February 14 marks the one-year anniversary of the school shooting at Marjorie Stoneman Douglas High School in Parkland, Florida.
Florida has a serious gun problem with a total of 51 mass shootings between 2016 and 2018 leaving 118 people dead. Much will be written about the tragic killing of 17 innocent people one year ago. But during Black History Month I ‘m asking you to reflect on another high-profile mass shooting.
The killing was carried out in a place of worship by a white supremacist with expressly hateful feelings toward blacks. Dylann Roof, a self-described white supremacist, said he hoped his 2015 killing of nine parishioners would incite a race war in America.
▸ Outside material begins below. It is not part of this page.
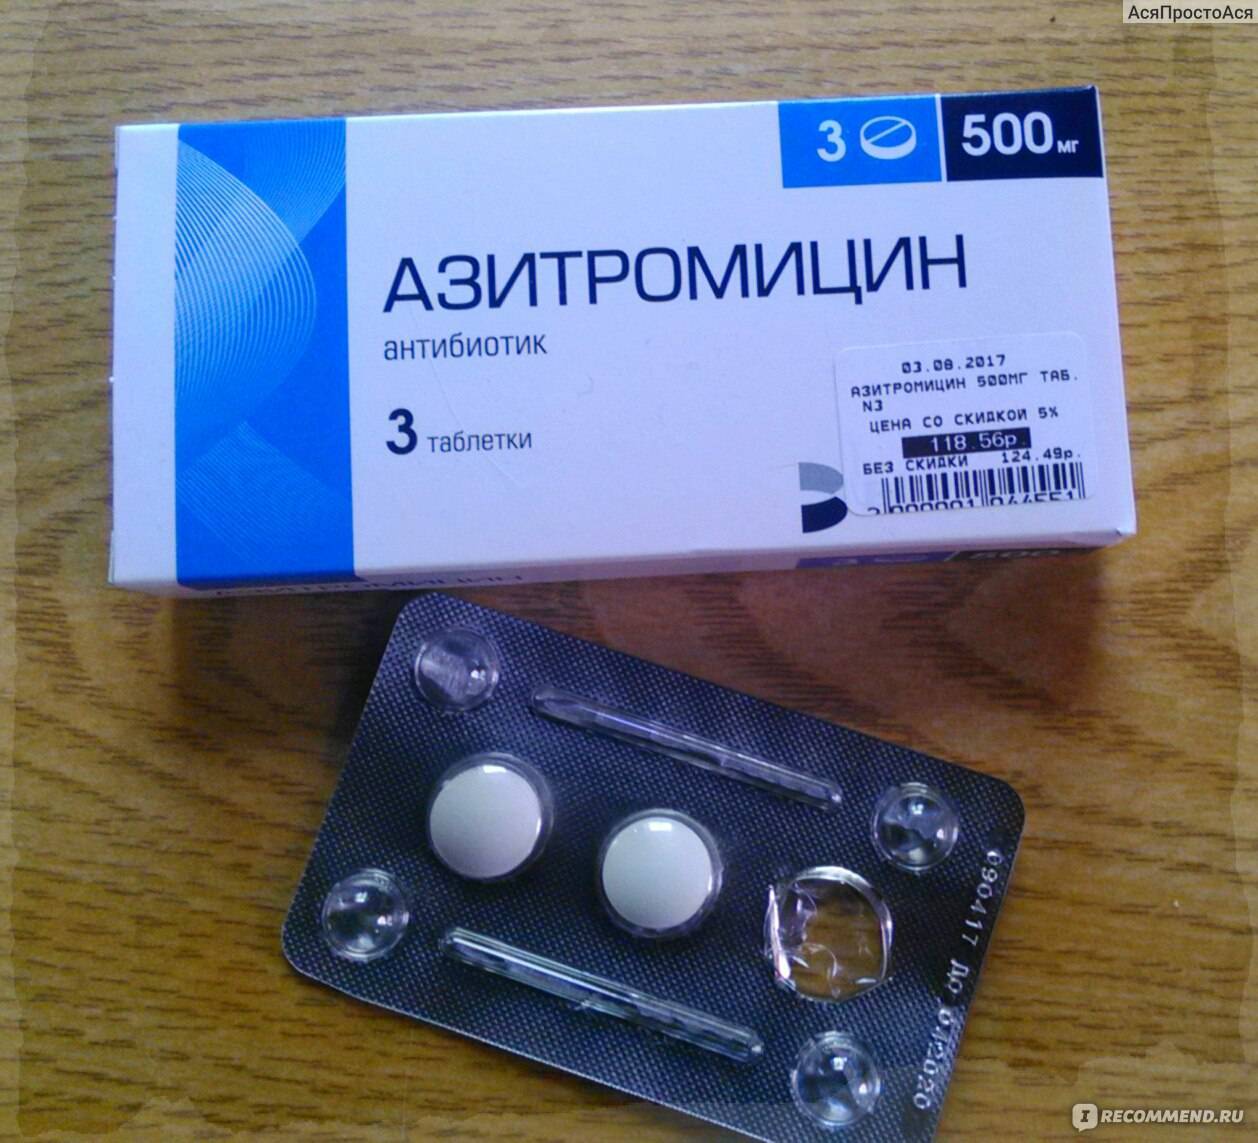 Три антибиотика. Антибиотик три таблетки Азитромицин. Таблетки 3 шт антибиотики Азитромицин. Три таблетки от простуды антибиотик Азитромицин. Антибиотик azithromycin 500.

Some white Christians hold the view that people of faith are under siege while some Evangelicals say they are being persecuted. Perhaps it is their way of shifting the conversation from the fact that there’s this toxic divisive language coming from the leader of our country. The language is effective with those who look to Fox News and the White House to make sense of our changing society.
According to the President, Pro-Trump supporters are the victims, not black Americans who have seen an increase in hate crimes in recent years. Most incidents were motivated by race or ethnicity.
“Both sides” are not responsible for the horrific political terrorism we’ve seen recently. Only the right is to blame starting with the president and complicit enablers in the Republican Party. They’ve been playing with fire and it was inevitable that people would get burned. This is what the president said after innocent worshipers were slaughtered, “There is great anger in our country caused in part by inaccurate and even fraudulent reporting of the news. The Fake News Media, the true Enemy of the People, must stop the open and obvious hostility and report the news accurately and fairly.” Divert, deflect, attack—it’s the only thing he knows how to do. Yet, in focusing our anger on Trump, we let so many other Republicans off the hook.
Rep. Matt Gaetz (R-FL) was invited to the 2018 State of the Union — a Holocaust denier who threatened the life of a black civil rights activist. We are in the midst of a wave of hate crimes and they are clearly linked to the climate of paranoia and racism deliberately fostered by the president and his allies in Congress and the media.
One side of the political spectrum is peddling hatred, while the other isn’t. And refusing to point that out for fear of sounding partisan is, in effect, lending aid and comfort to the people poisoning our politics.
Racists are emboldened, but the forces of democracy are rising too. And it 2018 American voters used their power to do to white nationalists what they feared the most. Replace them.